Finally, the estimated DMO measures and their errors can be aggregated over all WBs (approach 2) or all days (approach 1). For this purpose, different aggregation functions can be applied to the error metrics, ranging from simple, built-in aggregations like the mean or standard deviation to more complex functions like the limits of agreement or 5th and 95th percentiles. This can be done using the apply_aggregations function. It operates similarly to the apply_transformations function used above by taking the error metrics dataframe and a list of aggregations as input. In contrast to the transformations, an aggregation performed over a subset of dataframe columns is expected to return a single value or a tuple of values stored in one cell of the resulting dataframe. There are two ways to define aggregations:

As a tuple in the format (<identifier>, <aggregation>). In this case, the operation is performed based on exactly one column from the input df. Therefore, <identifier> can either be a string representing the name of the column to evaluate (for data with single-level columns), or a tuple of strings uniquely identifying the column to evaluate in case of multi-index columns. In our example, the identifier is a tuple (<metric>, <origin>), where <metric> is the metric column to evaluate, <origin> is the specific column from which data should be utilized (here, it would be either detected, reference, or one of the error columns).

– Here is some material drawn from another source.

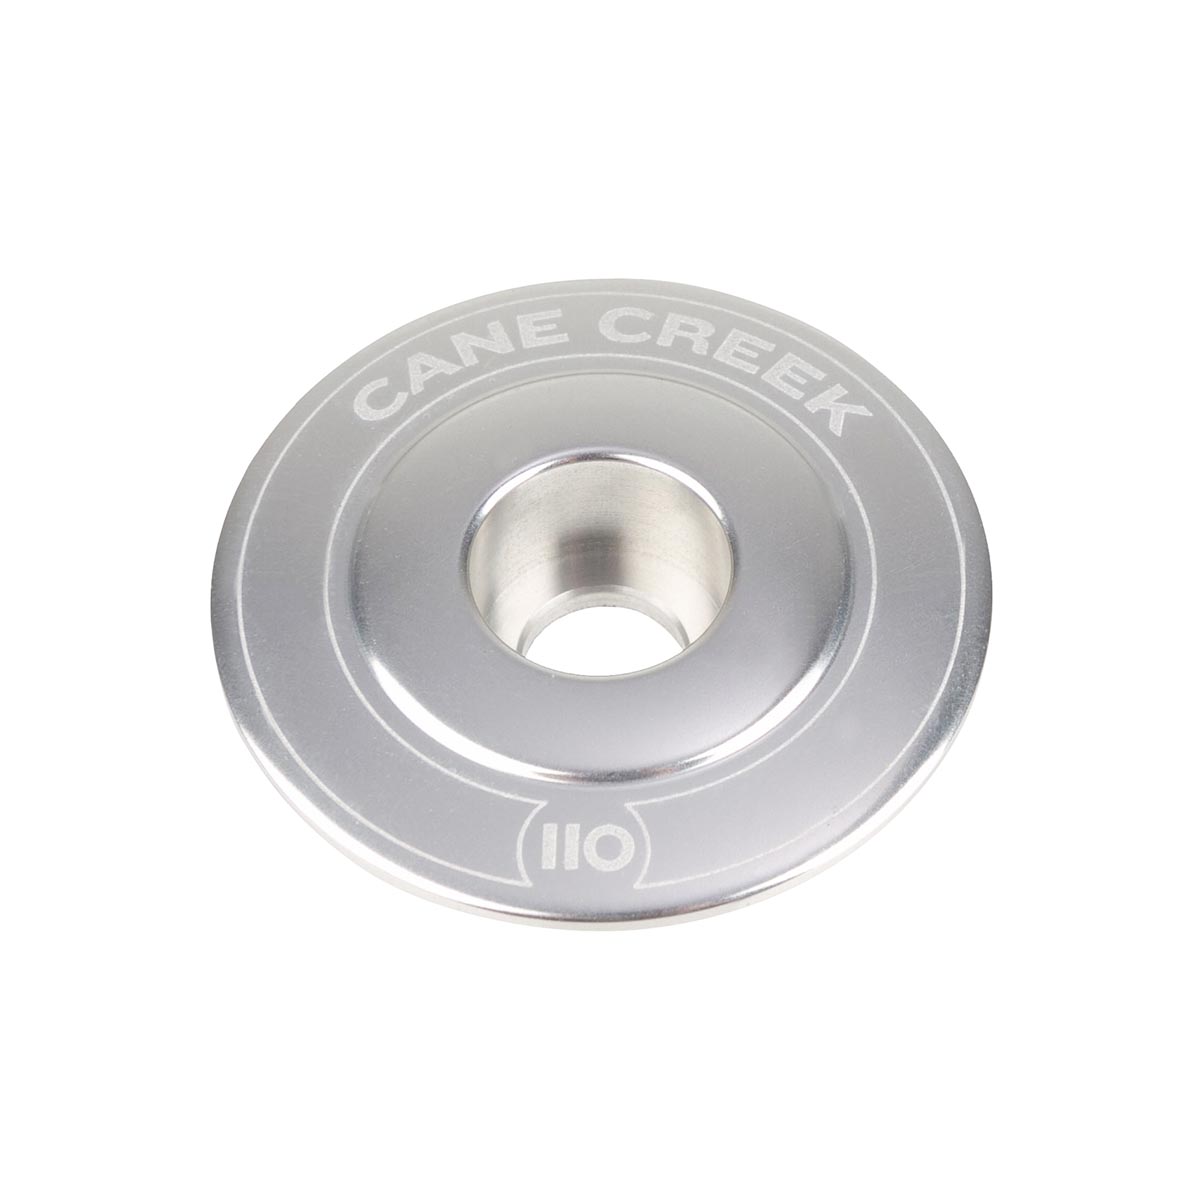 Cane Creek Ahead Cap 110 Silver, Aluminium, 1 1/8 Inches

<aggregation> is the function or the list of functions to apply. The output dataframe will have a multilevel column with metric as the first level and origin as the second level. A valid aggregations list for all of our DMOs would consequently look like this:

metrics = [
    "cadence_spm",
    "duration_s",
    "n_steps",
    "n_turns",
    "stride_duration_s",
    "stride_length_m",
    "walking_speed_mps",
]
aggregations_simple = [
    ((m, o), ["mean", "std"])
    for m in metrics
    for o in ["detected", "reference", "error"]
]
pprint(aggregations_simple)

[(('cadence_spm', 'detected'), ['mean', 'std']),
 (('cadence_spm', 'reference'), ['mean', 'std']),
 (('cadence_spm', 'error'), ['mean', 'std']),
 (('duration_s', 'detected'), ['mean', 'std']),
 (('duration_s', 'reference'), ['mean', 'std']),
 (('duration_s', 'error'), ['mean', 'std']),
 (('n_steps', 'detected'), ['mean', 'std']),
 (('n_steps', 'reference'), ['mean', 'std']),
 (('n_steps', 'error'), ['mean', 'std']),
 (('n_turns', 'detected'), ['mean', 'std']),
 (('n_turns', 'reference'), ['mean', 'std']),
 (('n_turns', 'error'), ['mean', 'std']),
 (('stride_duration_s', 'detected'), ['mean', 'std']),
 (('stride_duration_s', 'reference'), ['mean', 'std']),
 (('stride_duration_s', 'error'), ['mean', 'std']),
 (('stride_length_m', 'detected'), ['mean', 'std']),
 (('stride_length_m', 'reference'), ['mean', 'std']),
 (('stride_length_m', 'error'), ['mean', 'std']),
 (('walking_speed_mps', 'detected'), ['mean', 'std']),
 (('walking_speed_mps', 'reference'), ['mean', 'std']),
 (('walking_speed_mps', 'error'), ['mean', 'std'])]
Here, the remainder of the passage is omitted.